Washburn and Moen Manufacturing Company
The marker is located on the north side of Illinois Route 176, just east of the toll road.
North Chicago Center for the Arts, Inc. and The Illinois State Historical Society
The Washburn and Moen Manufacturing Company of Worcester, MA., established a wire mill - the Waukegan Works - east of this location along Lake Michigan. The land for its Illinois operation was purchased January 16, 1891, on the recommendation of its advisers: Philip W. Moen, Charles G. Washburn, Fred H. Daniels, and Edwin Lenox and included much of the Elisha Wadsworth estate. In March 1891, on forty acres, construction of the mill complex was started. By September, a galvanizing operation began. In November, the company's subdivision, the Waukegan Highlands, was platted west of the mill. The first wire was drawn in December.

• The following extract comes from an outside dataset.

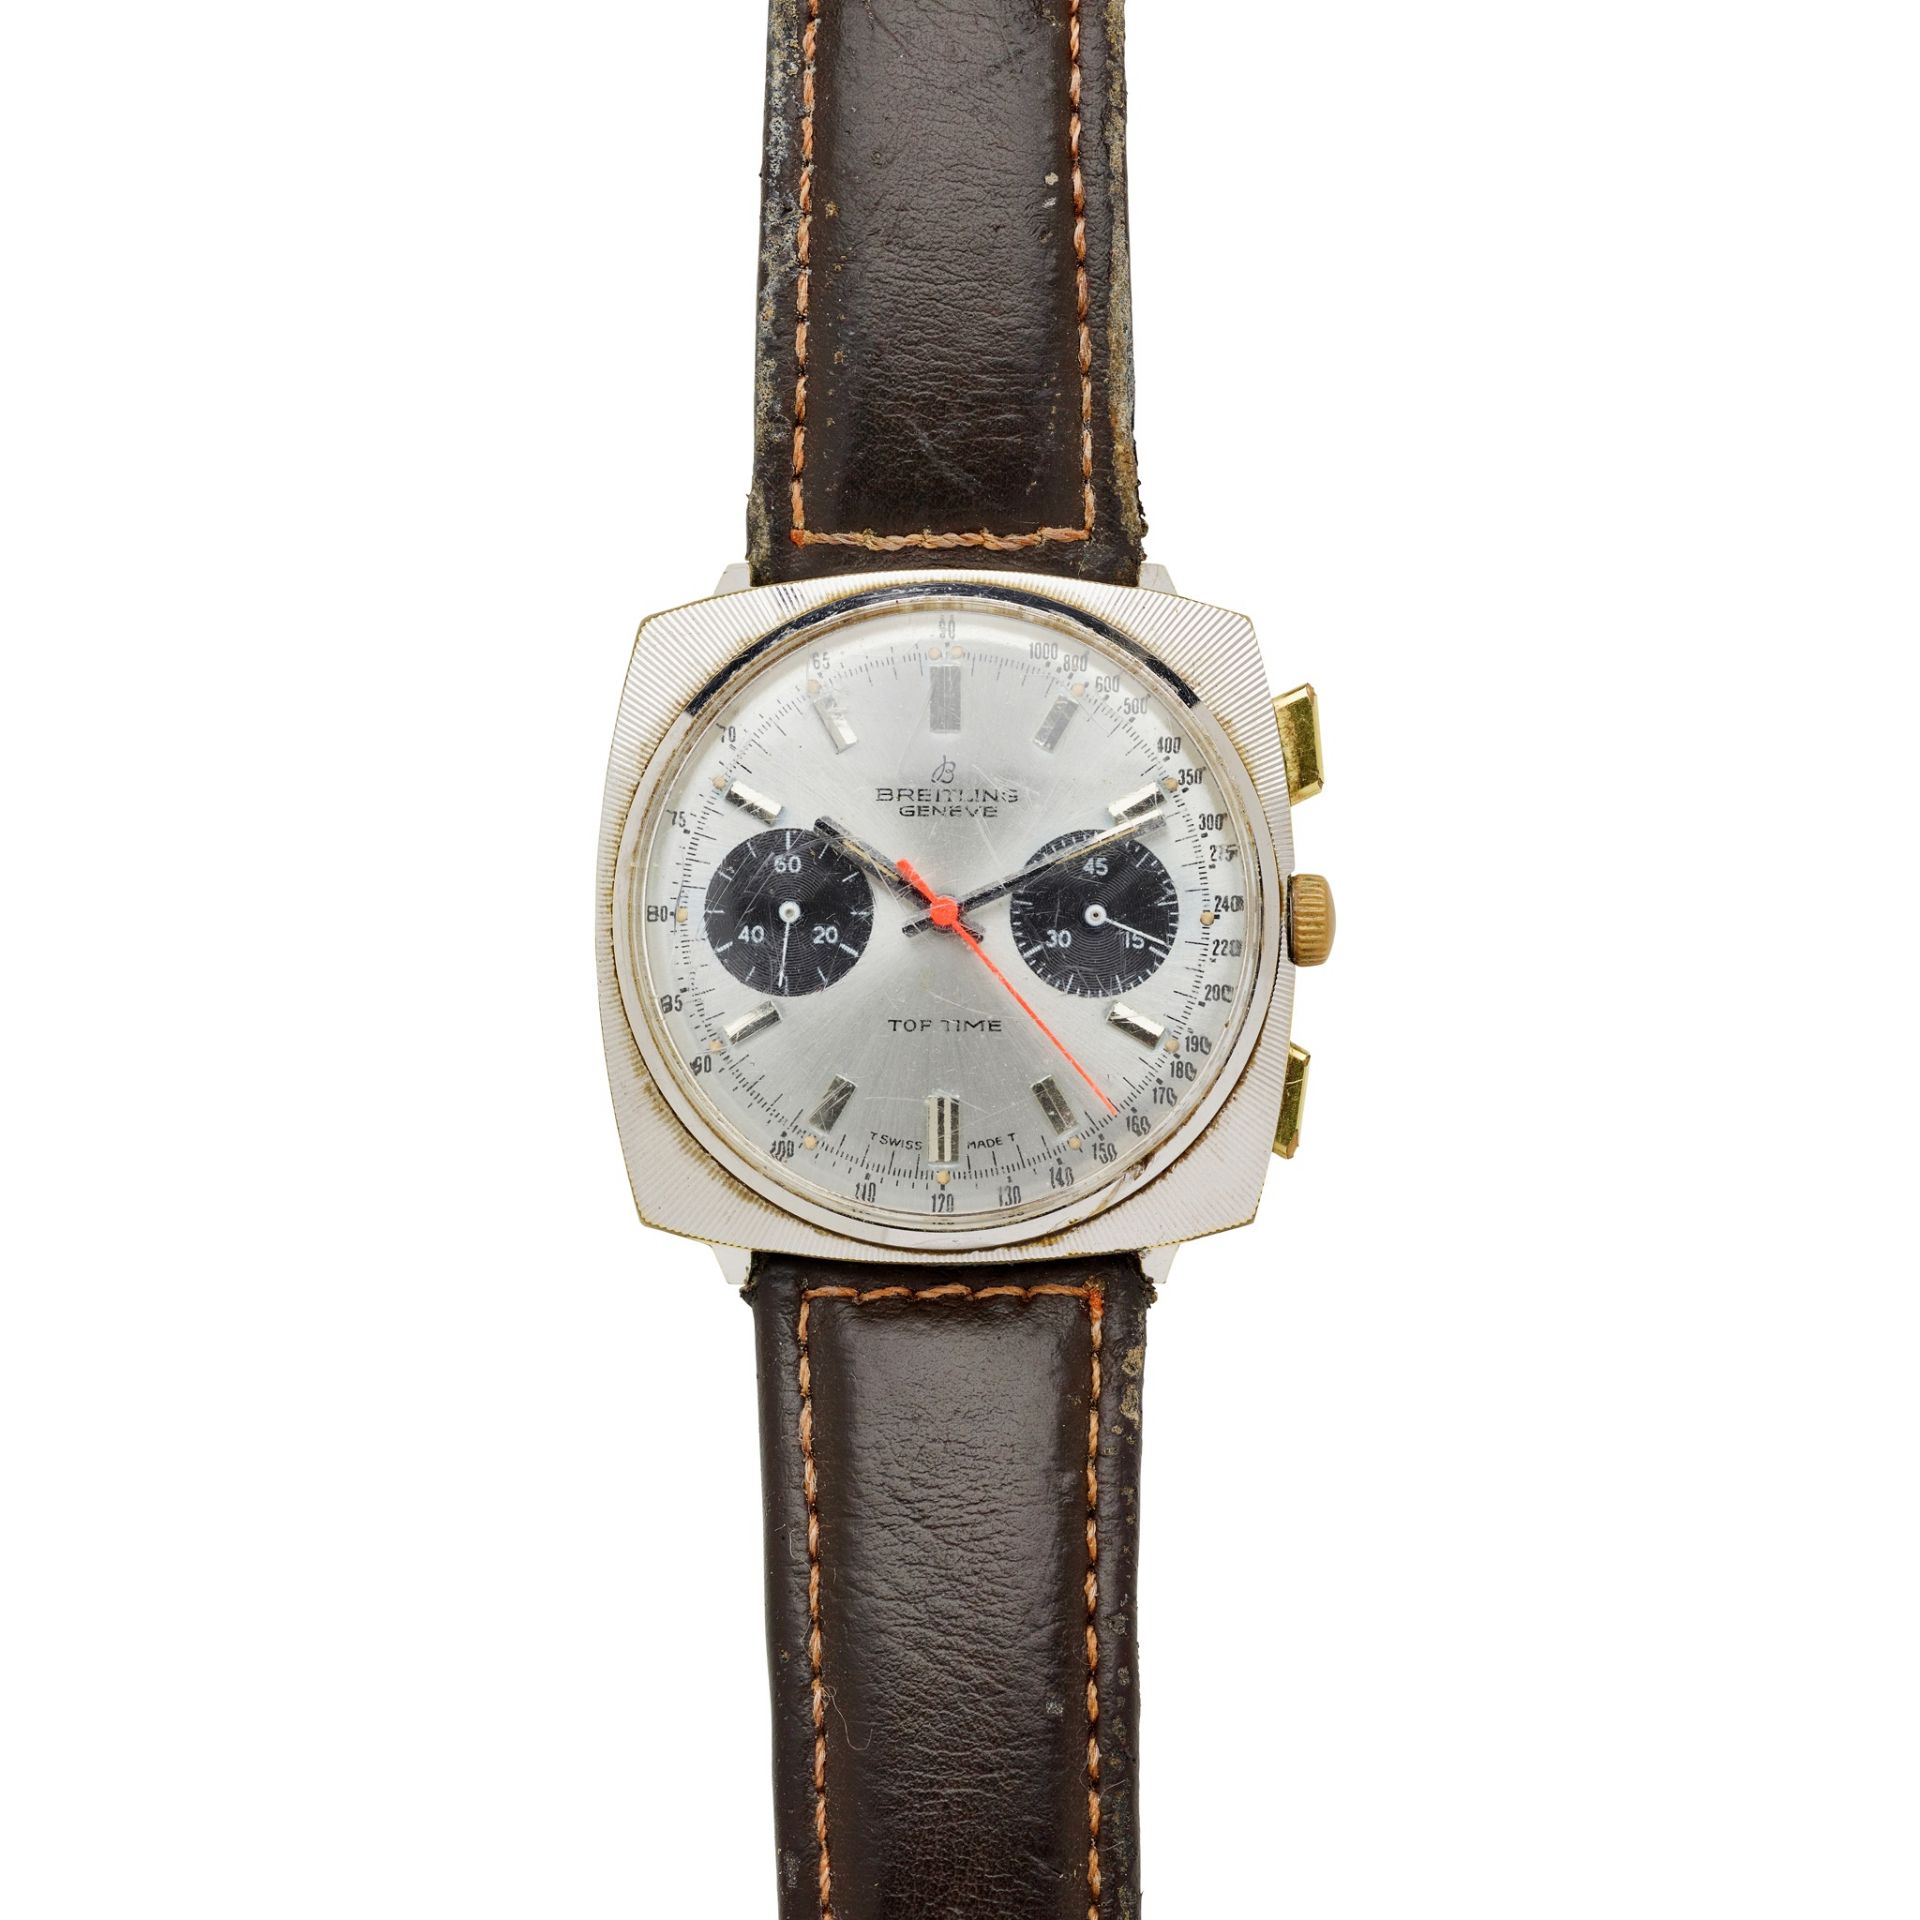 Breitling: a 1960s wrist watch
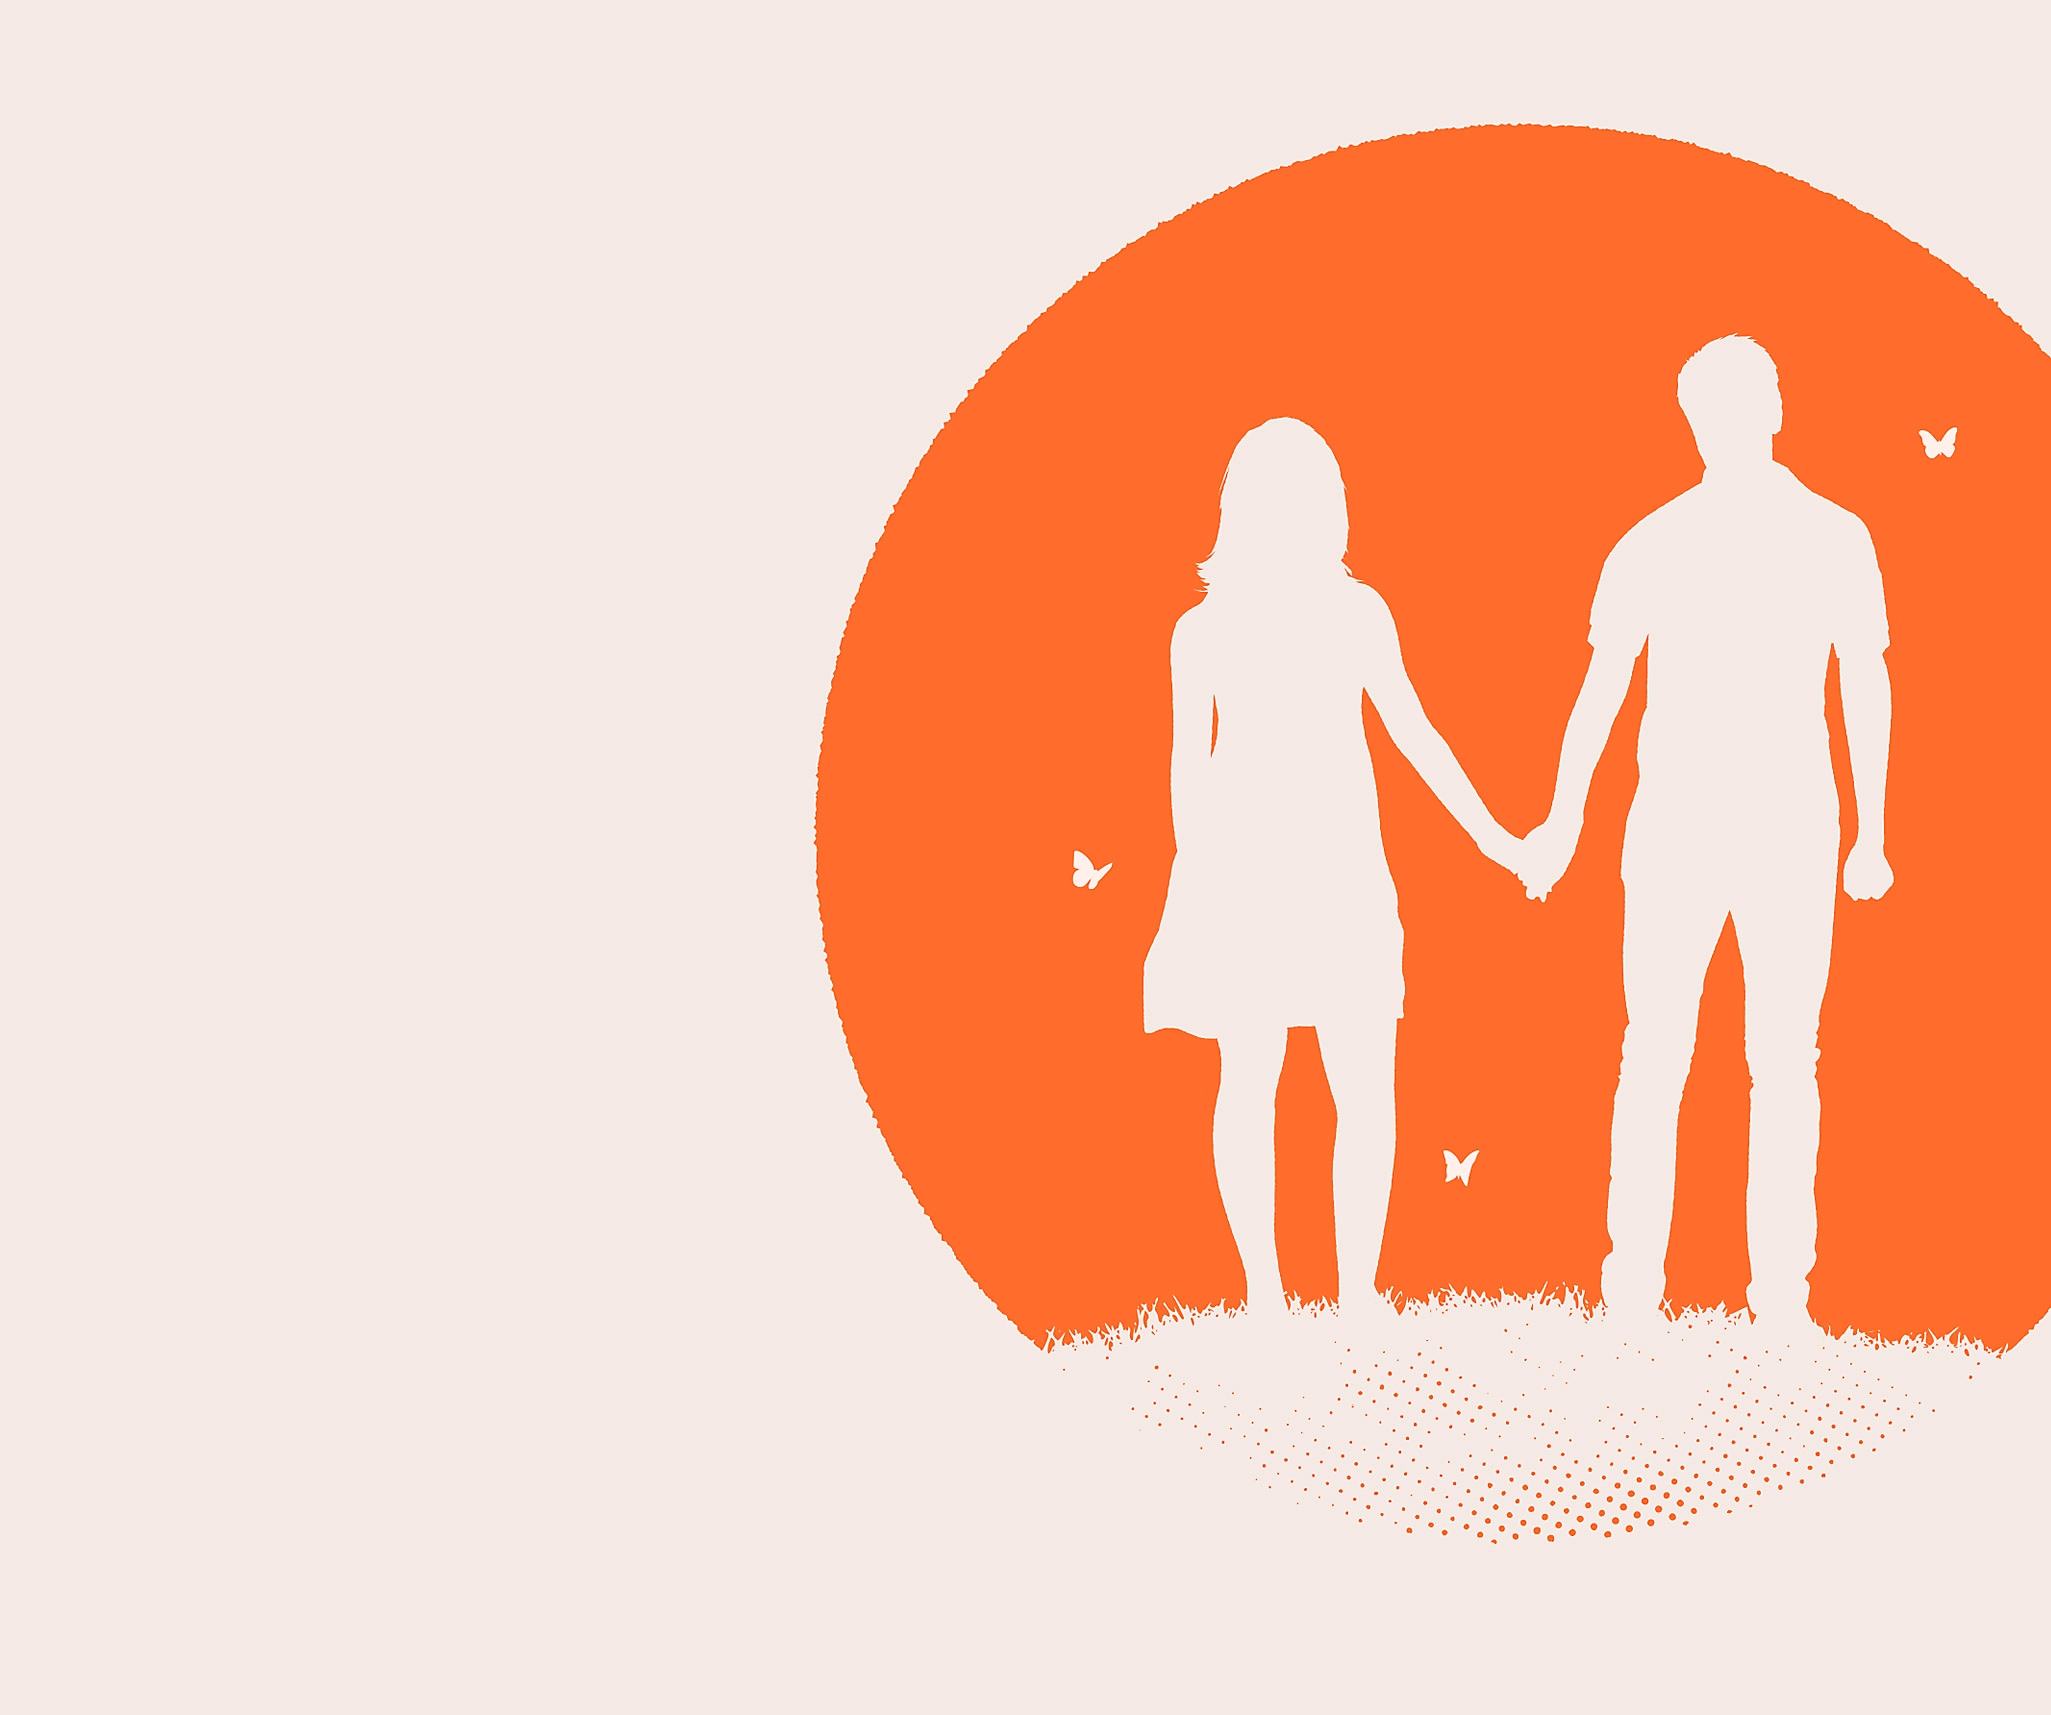 Arte guía de Everybody's Gone to the Rapture que presenta las siluetas de un hombre y una mujer en blanco frente a un círculo naranja.

In 1892, the Company, a principal manufacturer of Glidden Barbed wire, introduced Waukegan Barbed Wire, invented by John D. Curtis.
The establishment of the plant led both an industrial and population boom. Workers from Worcester and immigrants from Finland, Sweden, and Eastern Europe moved to the Washburn and Moen subdivision. Slovenian workers called the area the "Kompanija"- the Company District. First named South Waukegan, the community that rapidly developed near the mill was later incorporated as North Chicago.
The American Steel and Wire Company, which later became a part of the United States Steel Corporation, acquired the mill in 1899. By the 1950s, the plant had become one of Lake County's largest employers. In 1979, the mill was closed for economic reasons.